On 8/14/07, Adrian aldebaer@googlemail.com wrote:
Phil Sandifer schrieb:
On Aug 14, 2007, at 6:26 AM, George Herbert wrote:
(apparently) A google search finds skeletons in RFA candidate's closet. Deleted as BLP (probably mistaken application of BLP, but perhaps legit NPA or privacy issue), restored, cleaned up, still there right now.
[[Wikipedia:Requests for adminship/Crockspot]]
I don't know which side is more disturbing at the moment.

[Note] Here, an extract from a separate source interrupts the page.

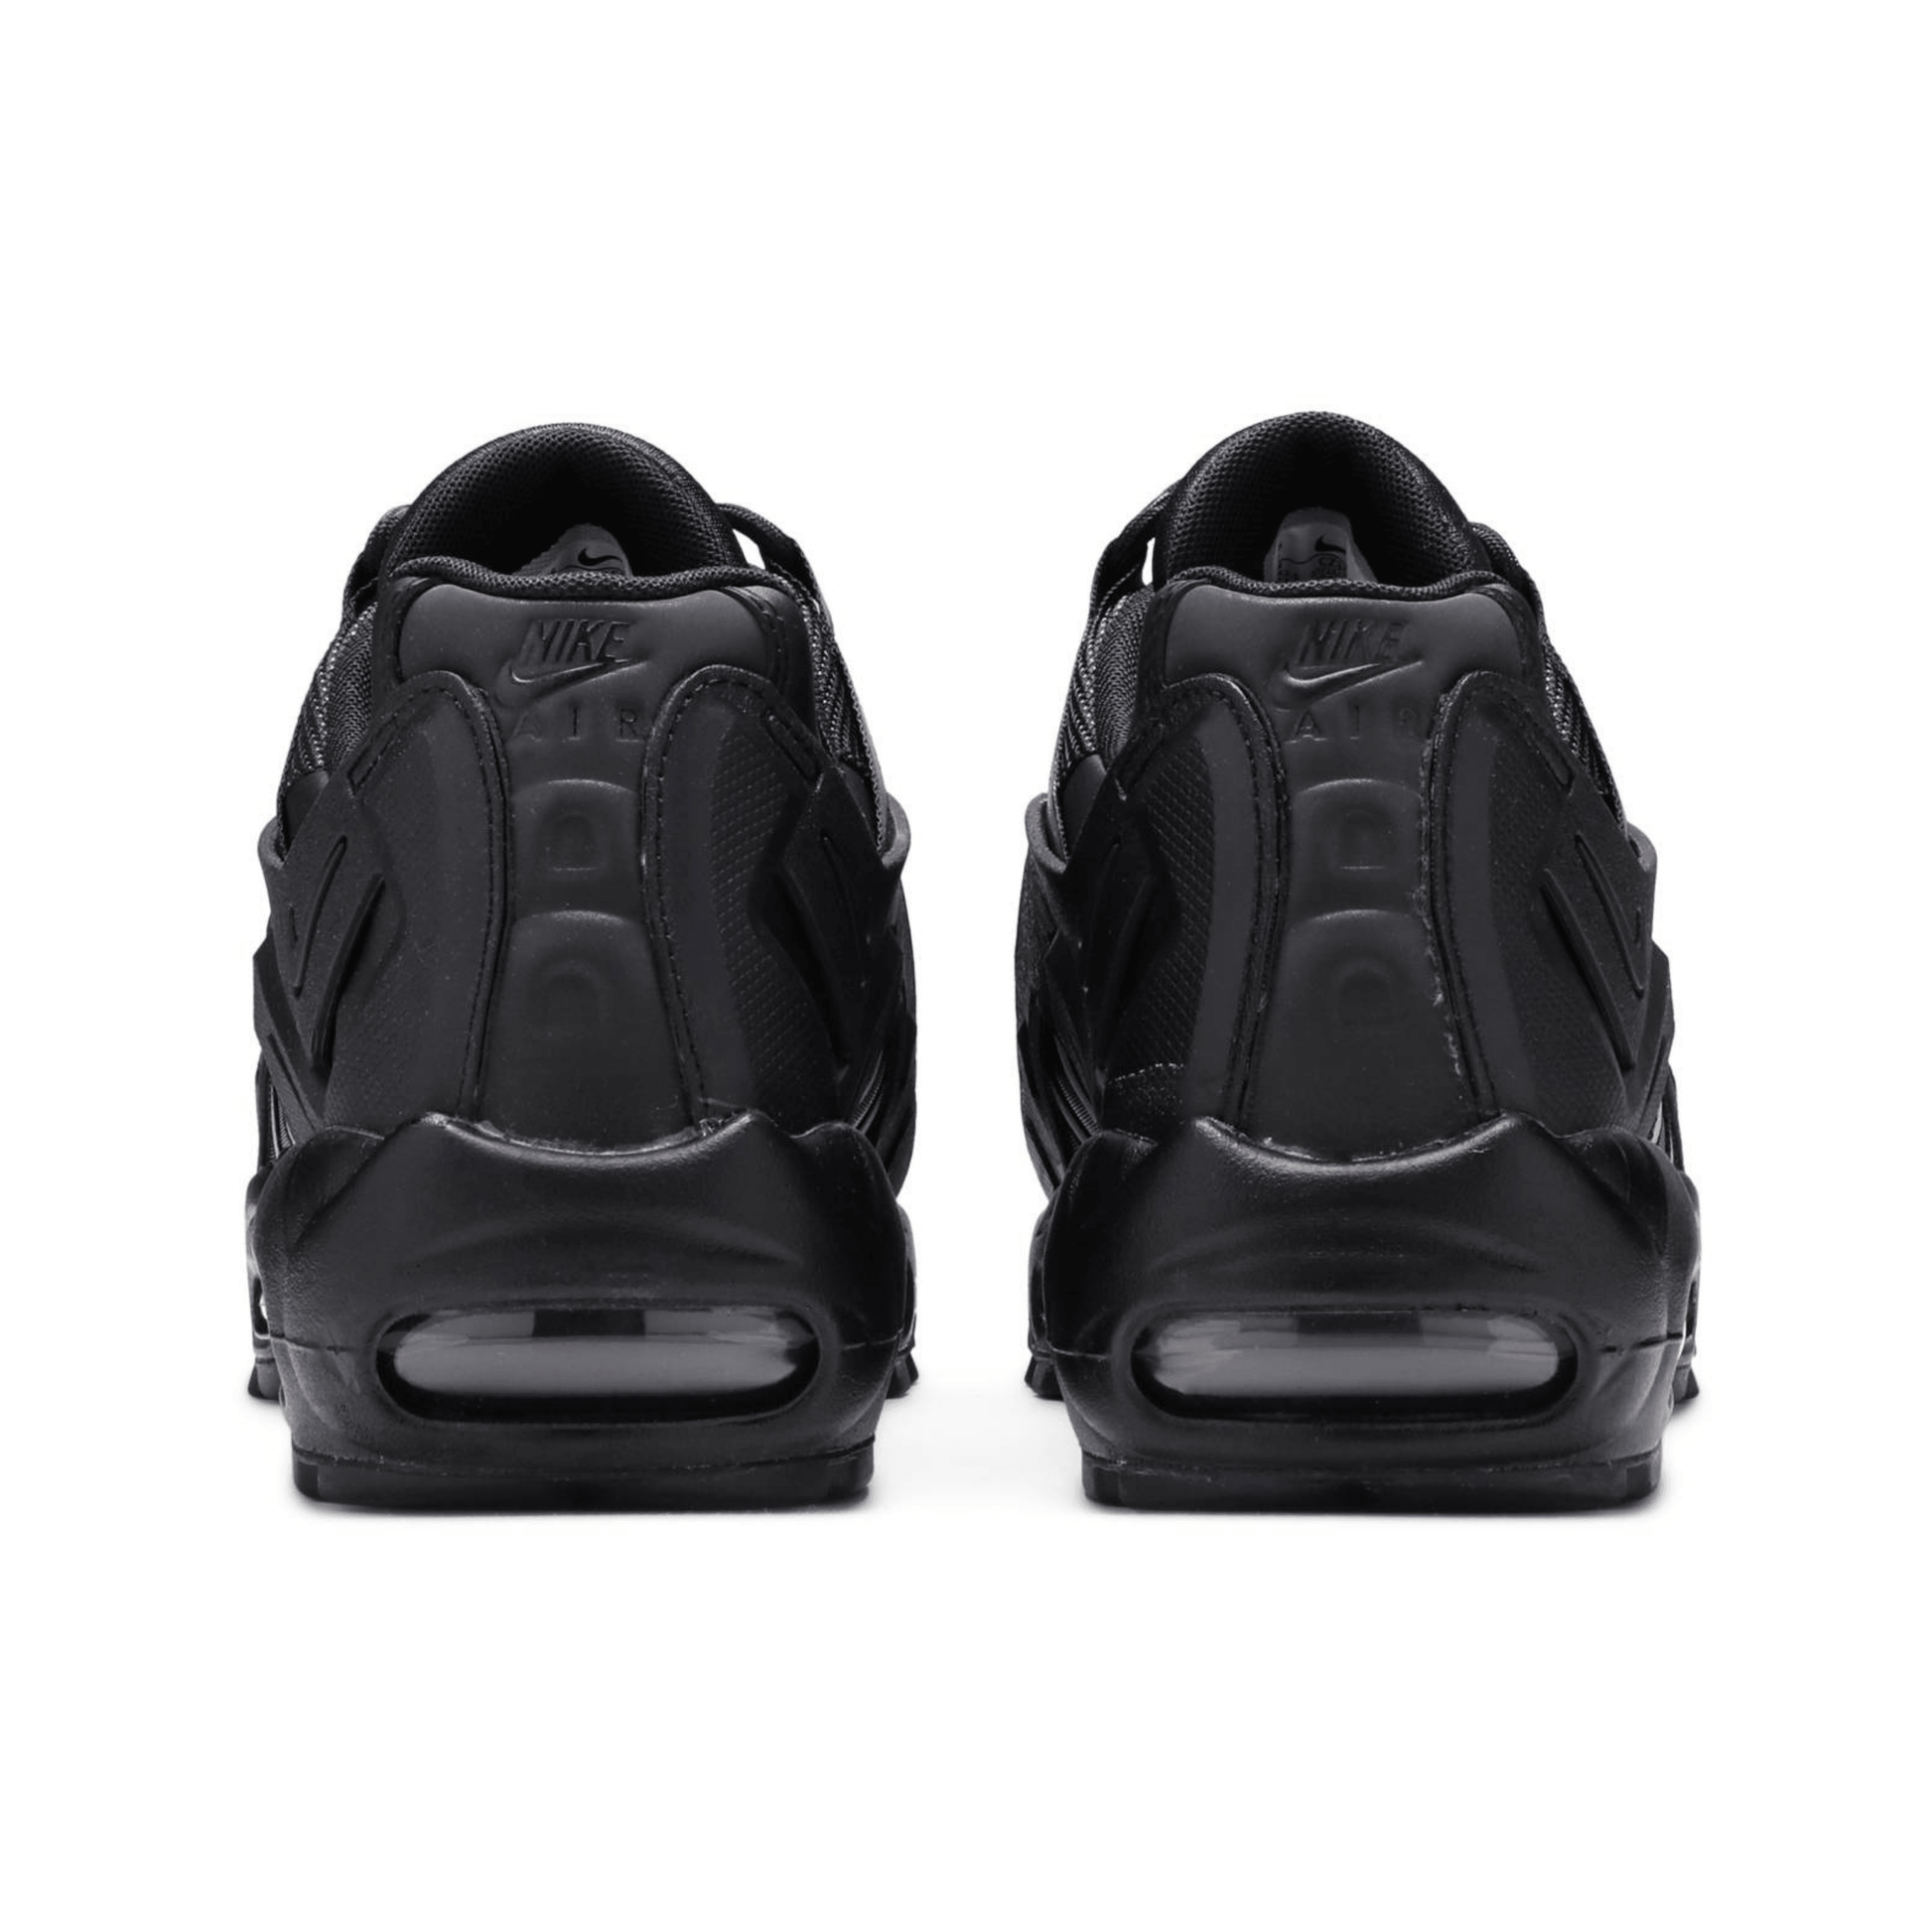 Nike Air Max 95 NDSTRKT in Triple Black - FRESNEAKERS

I'm torn here. On the one hand, this is symptomatic of much larger problems in RFA - the obsessiveness needed to Googlestalk an RFA candidate is simply too far off the deep end. On the other hand, Crockspot is a querrelous nutter who shouldn't be given adminship, and plenty of !voters recognized that without needing to read his racist trash. So while I think this is over the line, I also think it makes a crappy test case because Crockspot was never going to make admin.
-Phil
Well, he has 70+ supports which surely didn't come out of nowhere. And since his '''on-wiki''' behaviour appears to be acceptable, there's no obvious '''on-wiki''' reason this RfA couldn't --or shouldn't, for that matter-- have passed - or why another RfA in several months wouldn't.
Adrian
WikiEN-l mailing list WikiEN-l@lists.wikimedia.org To unsubscribe from this mailing list, visit: http://lists.wikimedia.org/mailman/listinfo/wikien-l
Indeed, his RFA is lurching along, and still in the "discretion" percentages ... the outcome is not clear at all. Truth be told, looking over his history, there are a few troublesome incidents, but nothing screams "NO!" - you really have to dig. If the Conservative Underground like wasn't advertised on his userpage, would enough editors have really done enough digging to find the troublesome spots? A lot of RFA evaluations seem very superficial (and this just isn't a complaint about the opposes on my RFA!).